Les devoirs, bataille du soir …

Les devoirs sont souvent le sujet d’une bataille quotidienne entre parents et enfants.

Les parents d’un côté ont à coeur que leurs enfants fassent leurs devoirs, encouragés en cela par l’école qui leur répète que les devoirs c’est important, que c’est ce qui permet d’apprendre.

Les enfants de l’autre ont envie de se détendre et pas forcément la motivation pour se replonger le nez dans leurs cahiers pour un travail pas toujours passionnant.

Bref, les devoirs arrivent et la bataille commence

couverture livre between parent and child

« Between parent and child » – Haim Ginott

J’ai vécu ça récemment puisque ma fille est entrée en CP et a commencé à avoir des devoirs. Je mesure ma chance car ma fille aime bien faire ses devoirs.

Cependant, il y a des jours où elle n’a pas vraiment envie. Et j’en suis très agacée parce que, comme tous les parents du monde je pense (ou presque), j’ai envie qu’elle apprenne, qu’elle prenne du plaisir mais aussi qu’elle réussisse à l’école.

Alors même si c’est plutôt facile avec elle en règle générale, je ne sais pas forcément comment gérer les (rares) moments où elle ne veut pas – et dans ces moments-là, je me dis que ça doit être dur quand les enfants ne veulent jamais !

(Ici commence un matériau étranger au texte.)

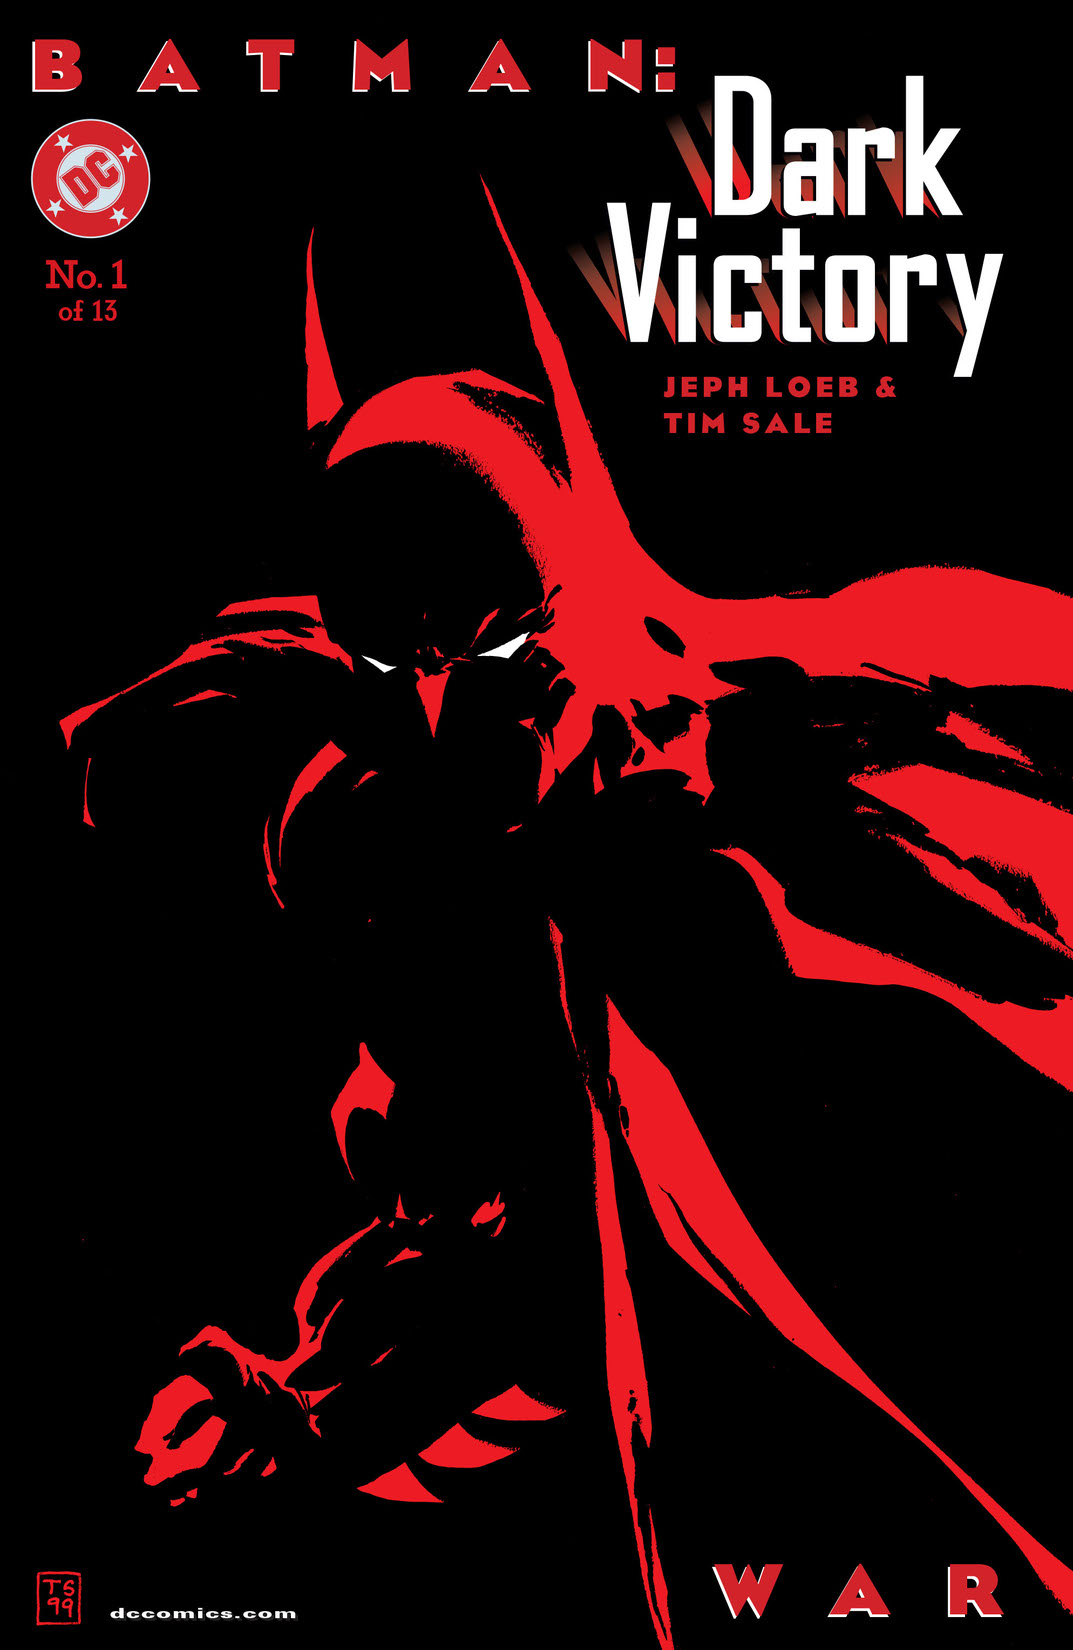 Batman: Dark Victory #1 preview images

Bref, récemment, ma fille a commencé à rechigner sur ses devoirs …

J’ai couru attraper mon exemplaire de « Between Parent and Child » de Haim G. Ginott (« Entre parent et enfant) car il y a un tout un chapitre sur les devoirs que j’avais apprécié et il fallait que je me rafraichisse la mémoire.

Ce chapitre résume bien l’attitude que je souhaite avoir par rapport à l’école et aux devoirs et j’ai pensé que ce serait intéressant de partager ça avec vous.

Haim Ginott commence par rappeler que

« dès le primaire, l’attitude des parents doit signifier à l’enfant que les devoirs sont STRICTEMENT de la responsabilité de l’enfant et de l’enseignant. Les parents ne devraient pas harceler leurs enfants à propos des devoirs. Ils ne devraient superviser ou vérifier les devoirs que si – ET SEULEMENT SI – l’enfant le demande (cette attitude peut être contraire aux souhaits du professeur). »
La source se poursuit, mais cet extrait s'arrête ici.